Burger vegan di riso e fagioli borlotti

La ricetta per i burger totalmente vegetali a base di riso e fagioli che vi propongo oggi è realizzata in collaborazione con ZenPasta. Si tratta di una piccola realtà italiana che fa da ponte tra il gusto italiano e la tradizione orientale, nello specifico quella giapponese. Ho parlato in maniera approfondita dell’ingrediente che sta alla base dei loro prodotti, ovvero la fibra di Konjac, nel precedente aritcolo (clicca qui).

Dopo aver sperimentato in cucina con le penne al ragù di soia e gli spaghettini Shirataki con tempeh, questa volta ho voluto creare qualcosa di alternativo. Usando un altro altro prodotto di ZenPasta, ovvero il Risino di Shirataki, che è il protagonista di questi burger viola, assieme ai fagioli e al cavolo cappuccio rosso, che è l’ingrediente che anche questa volta porta un po’ di colore in cucina.

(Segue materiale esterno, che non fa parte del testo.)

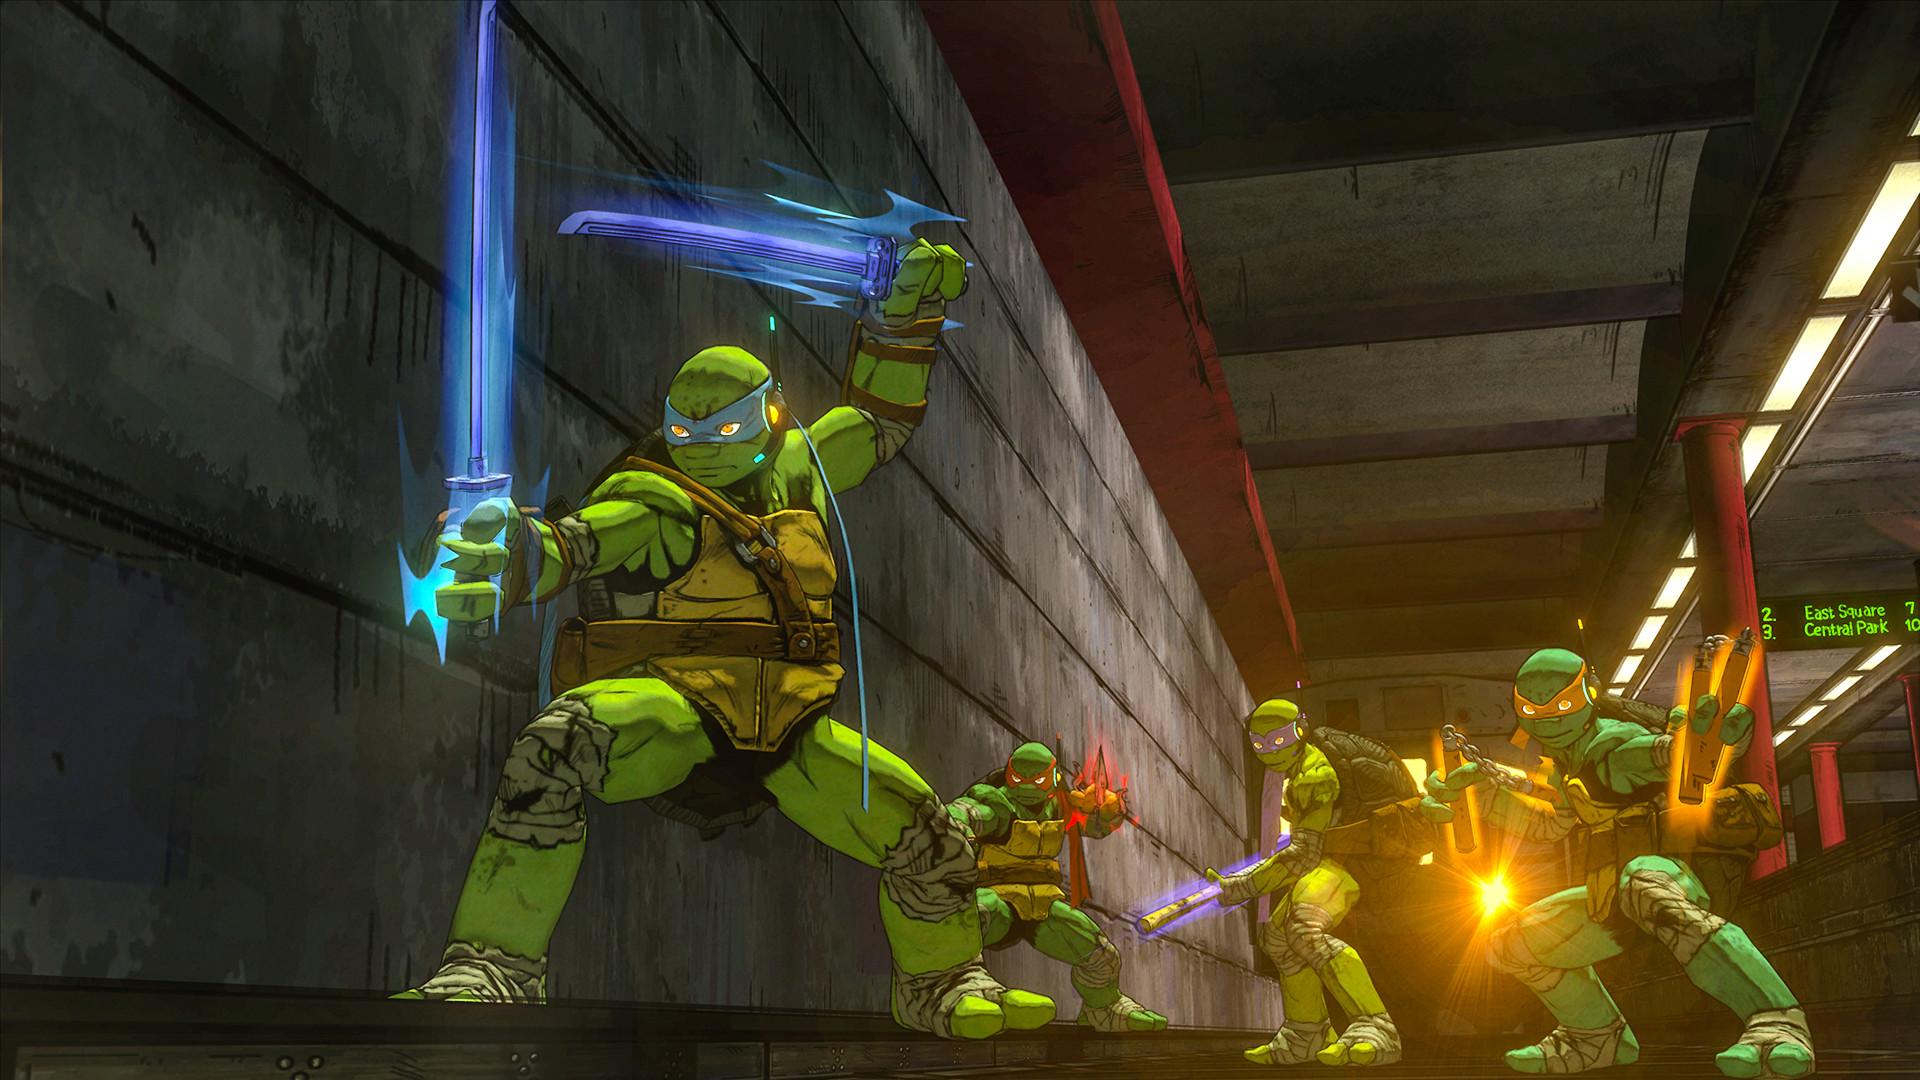 Teenage Mutant Ninja Turtles Mutants In Manhattan ESPAÑOL PC Full (CODEX) + REPACK 2 DVD5 (JPW) 2

Questi burger vegani richiedono pochi ingredienti, sono facili e veloci da preparare e davvero deliziosi. La mia versione è piuttosto semplice, ma si può arricchire ulteriormente il loro sapore aggiungendo erbe aromatiche e spezie a piacere.

Si possono guastare come secondo, accompagnati da un contorno di verdure e una maionese vegana; oppure sono perfetti da gustare in un panino, con qualche foglia d’insalata, del pomodoro, maionese veg e se vi piace, anche un cetriolino.

Questi burger vegani hanno un buon apporto proteico grazie all’utilizzo dei fagioli borlotti e della farina di ceci e grazie alla bassa densità calorica del Risino di Shirataki, sono molto leggeri e perfetti per chi è alla ricerca di una ricetta light ma gustosa.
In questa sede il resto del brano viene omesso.